● DATA
══════
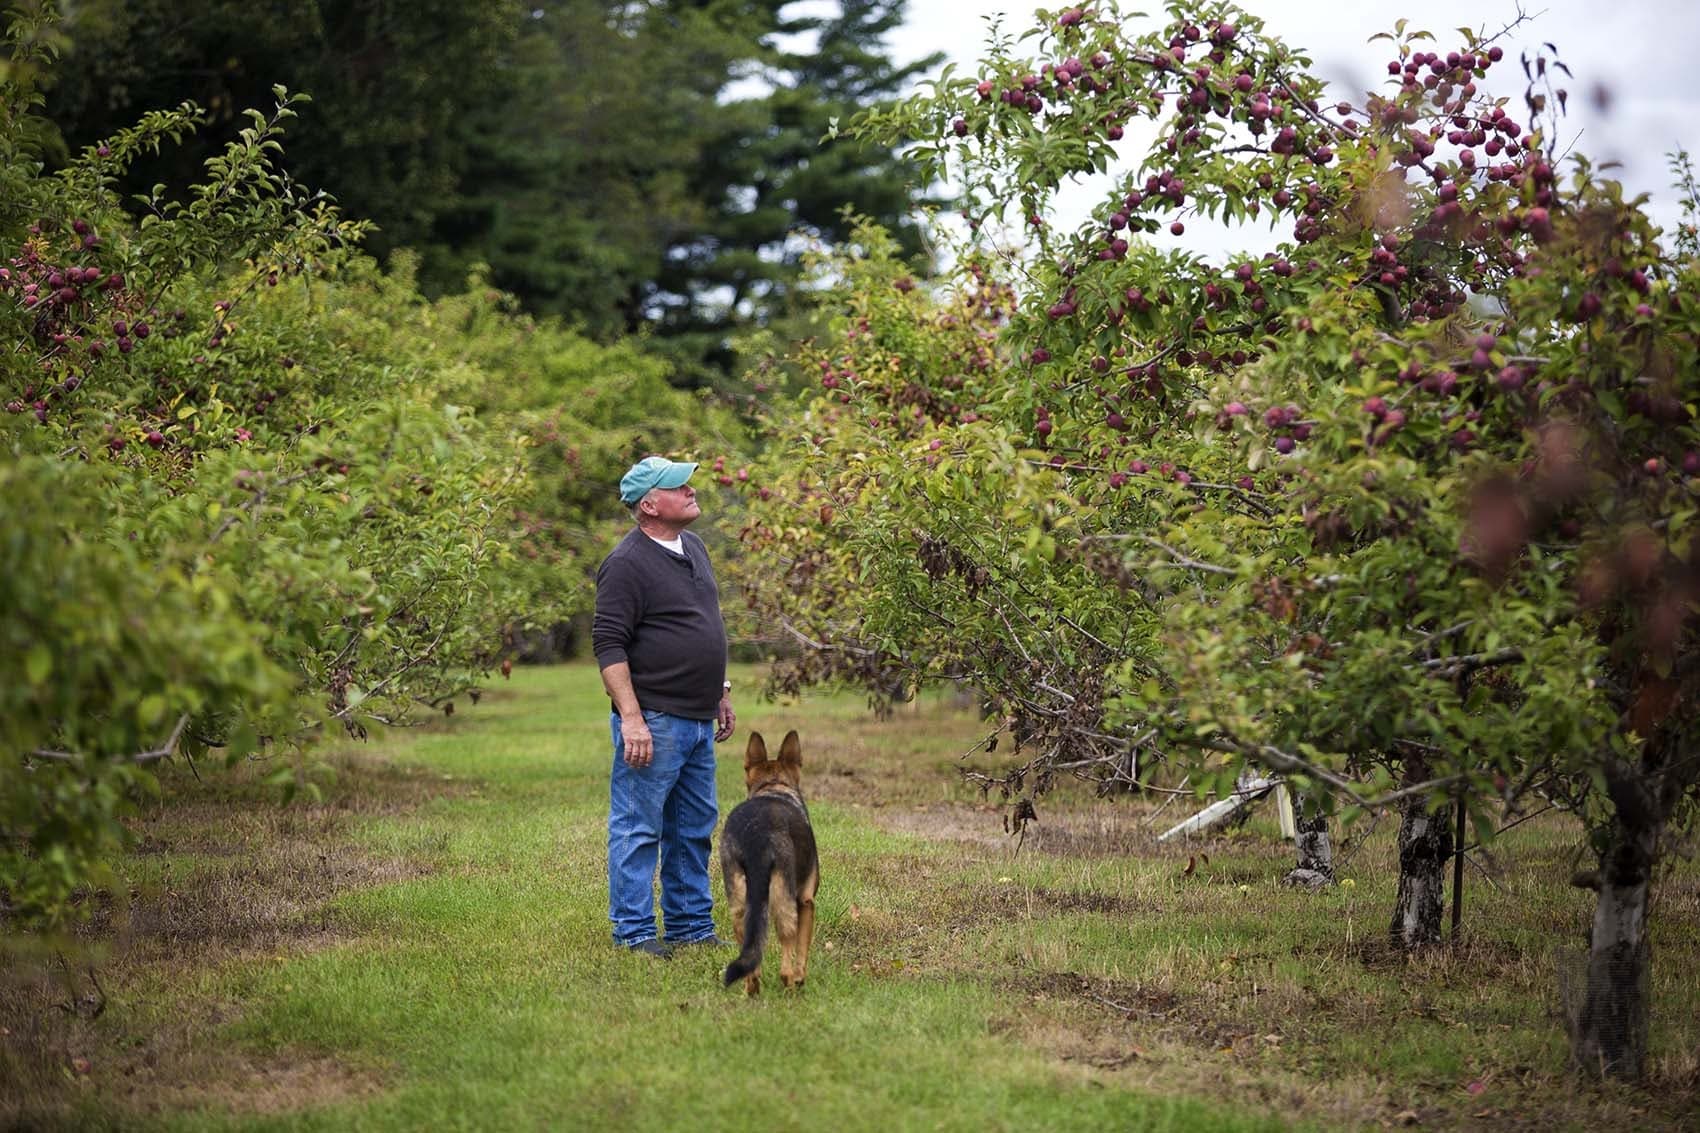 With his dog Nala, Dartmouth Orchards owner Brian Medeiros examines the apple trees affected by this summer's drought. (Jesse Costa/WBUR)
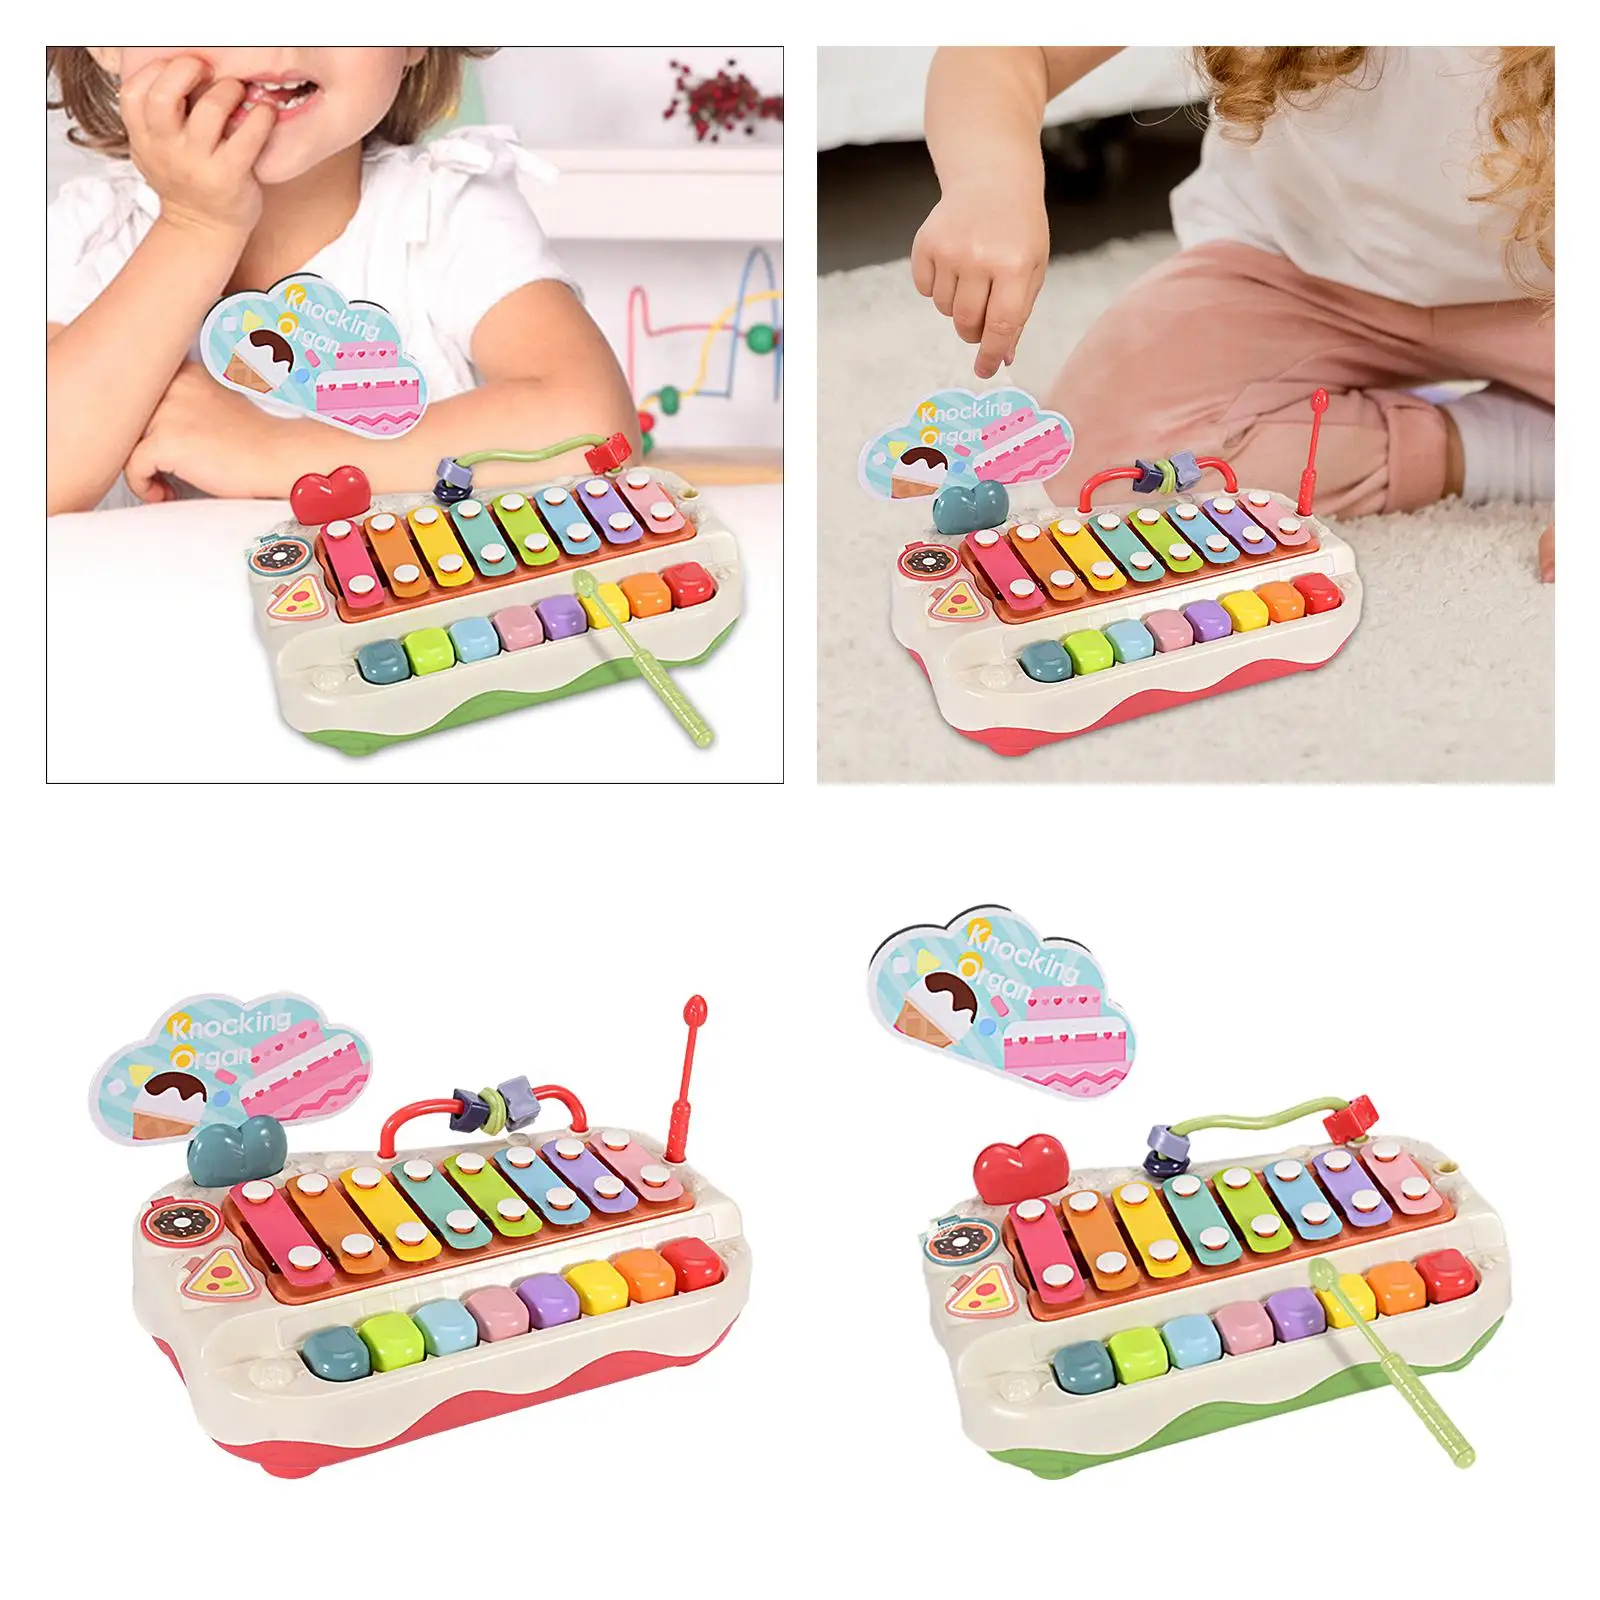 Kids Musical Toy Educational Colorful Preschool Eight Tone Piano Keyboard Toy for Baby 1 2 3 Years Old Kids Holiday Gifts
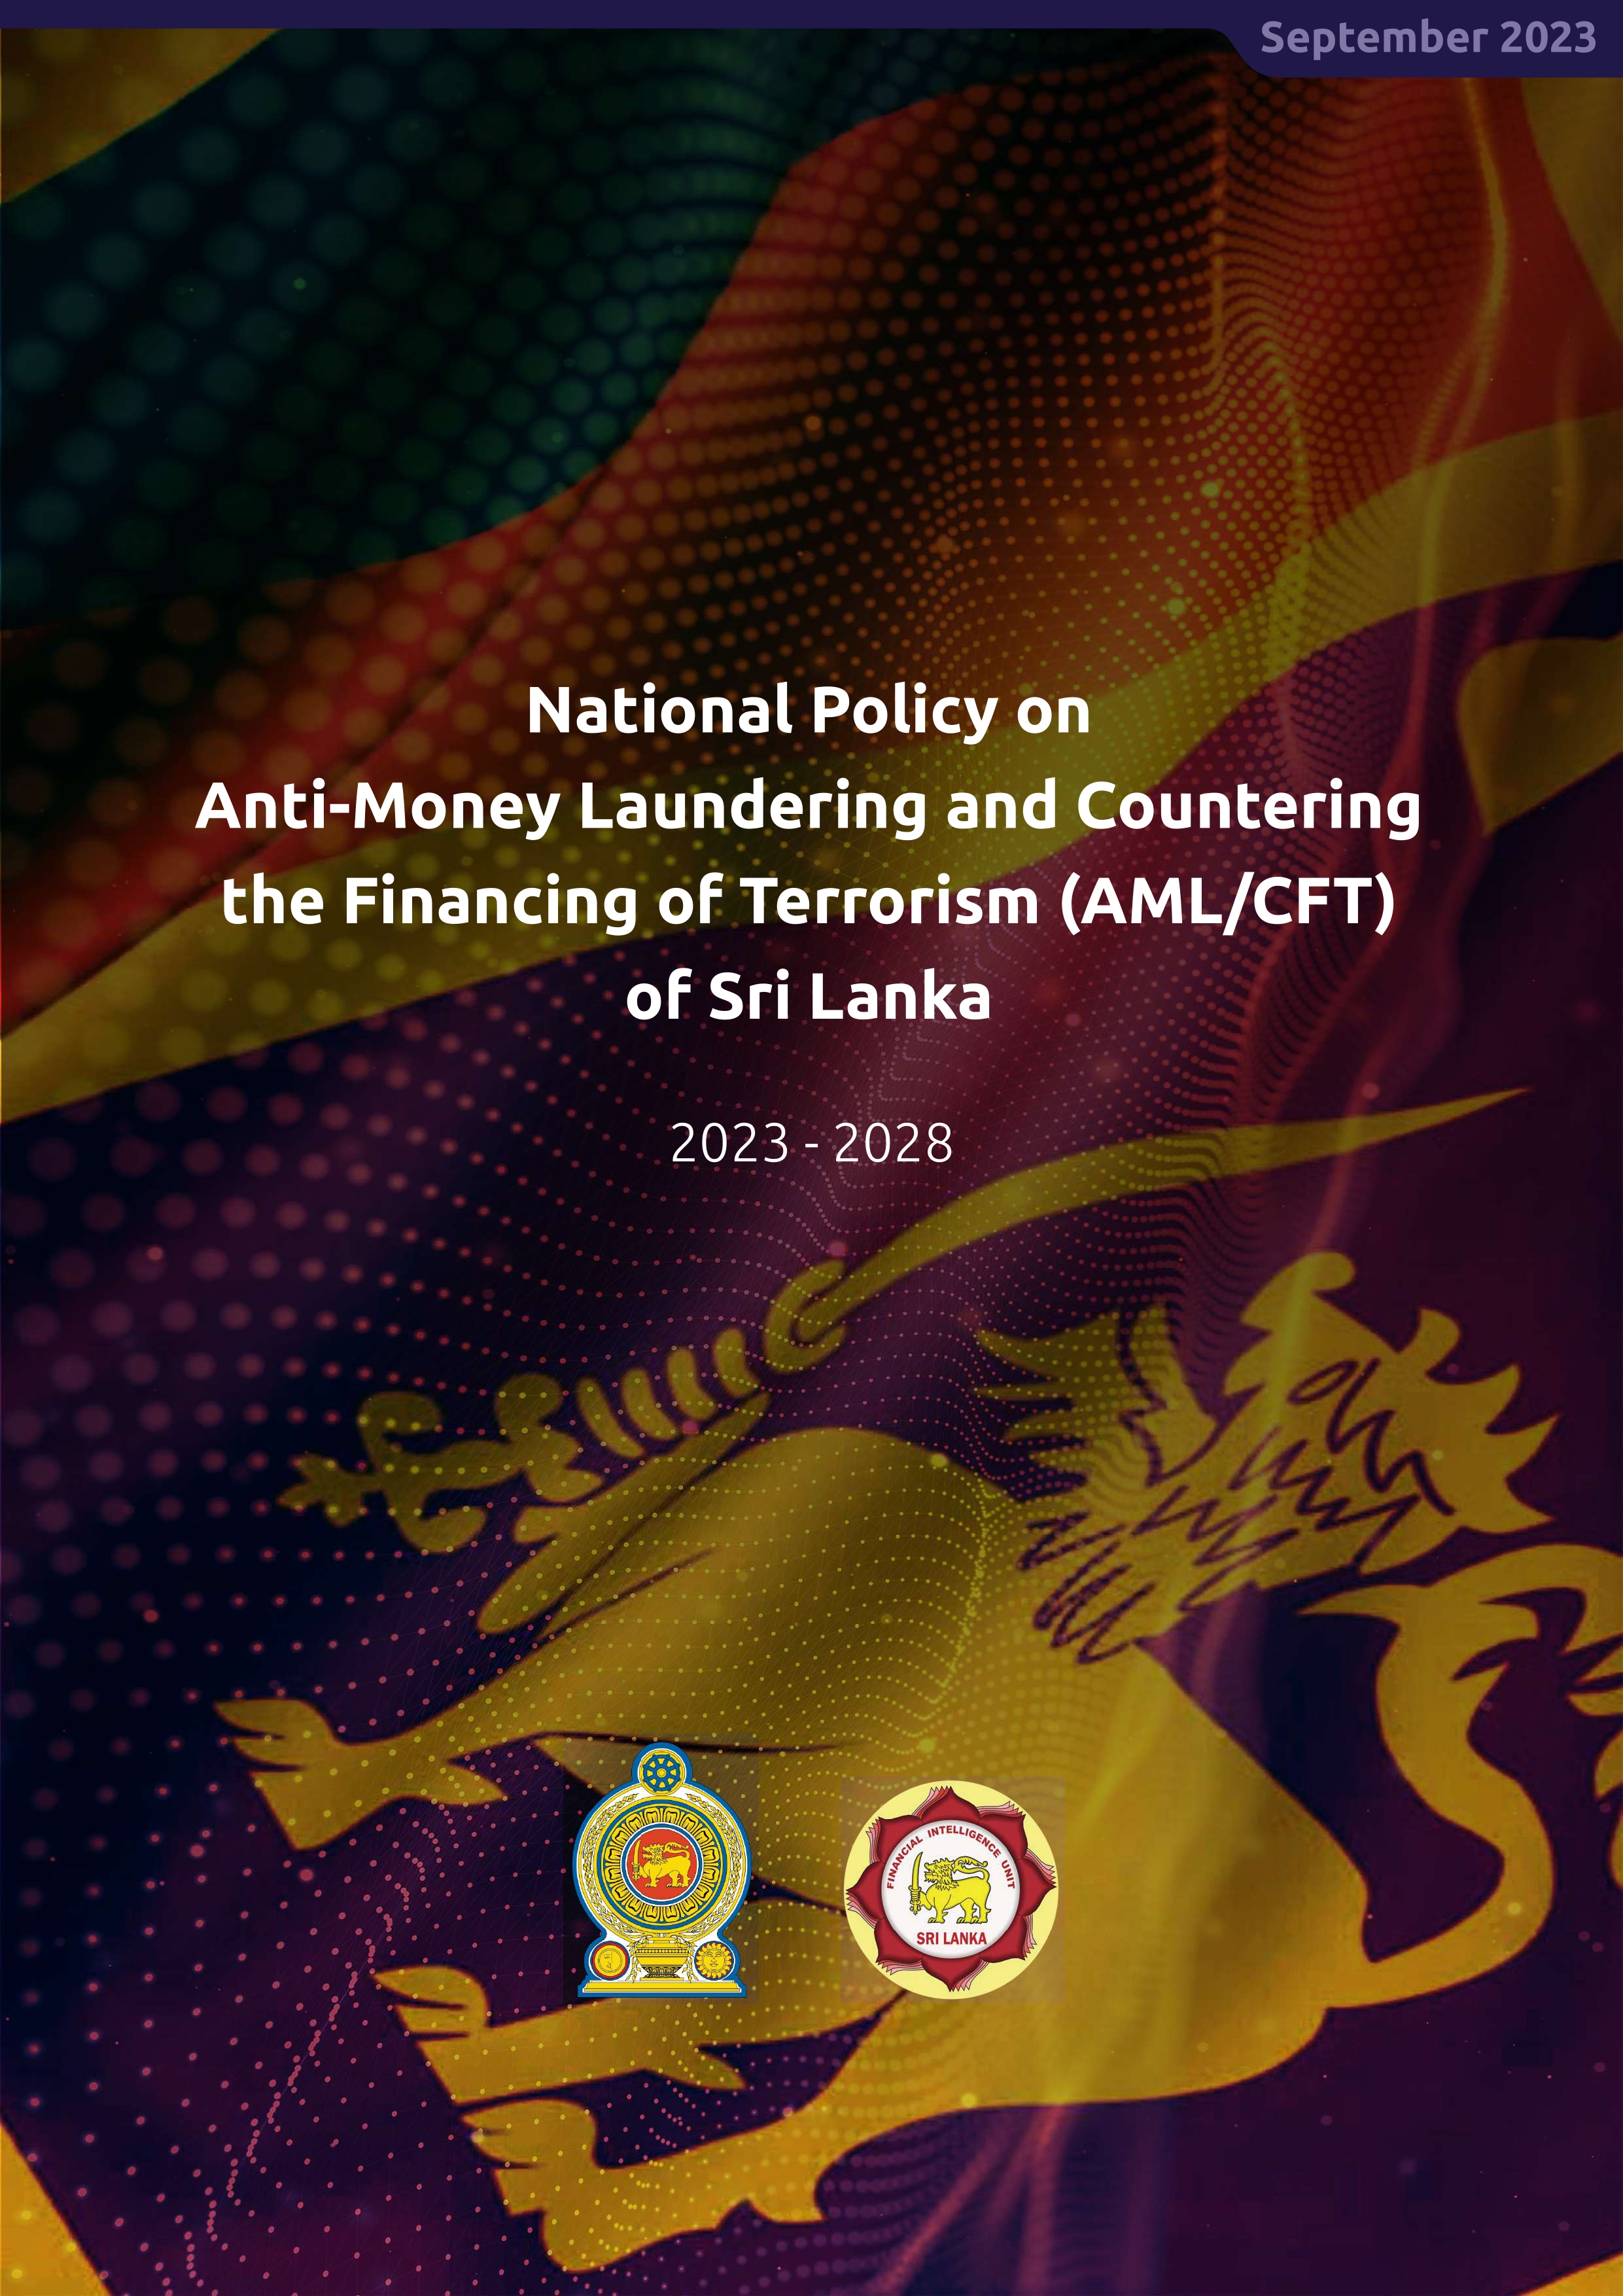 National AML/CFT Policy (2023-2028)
══════
● WORK INSTRUCTION
Output all of the listing above, exactly as given, but without its pictures.

● SOLUTION
 With his dog Nala, Dartmouth Orchards owner Brian Medeiros examines the apple trees affected by this summer's drought. (Jesse Costa/WBUR)
 Kids Musical Toy Educational Colorful Preschool Eight Tone Piano Keyboard Toy for Baby 1 2 3 Years Old Kids Holiday Gifts
 National AML/CFT Policy (2023-2028)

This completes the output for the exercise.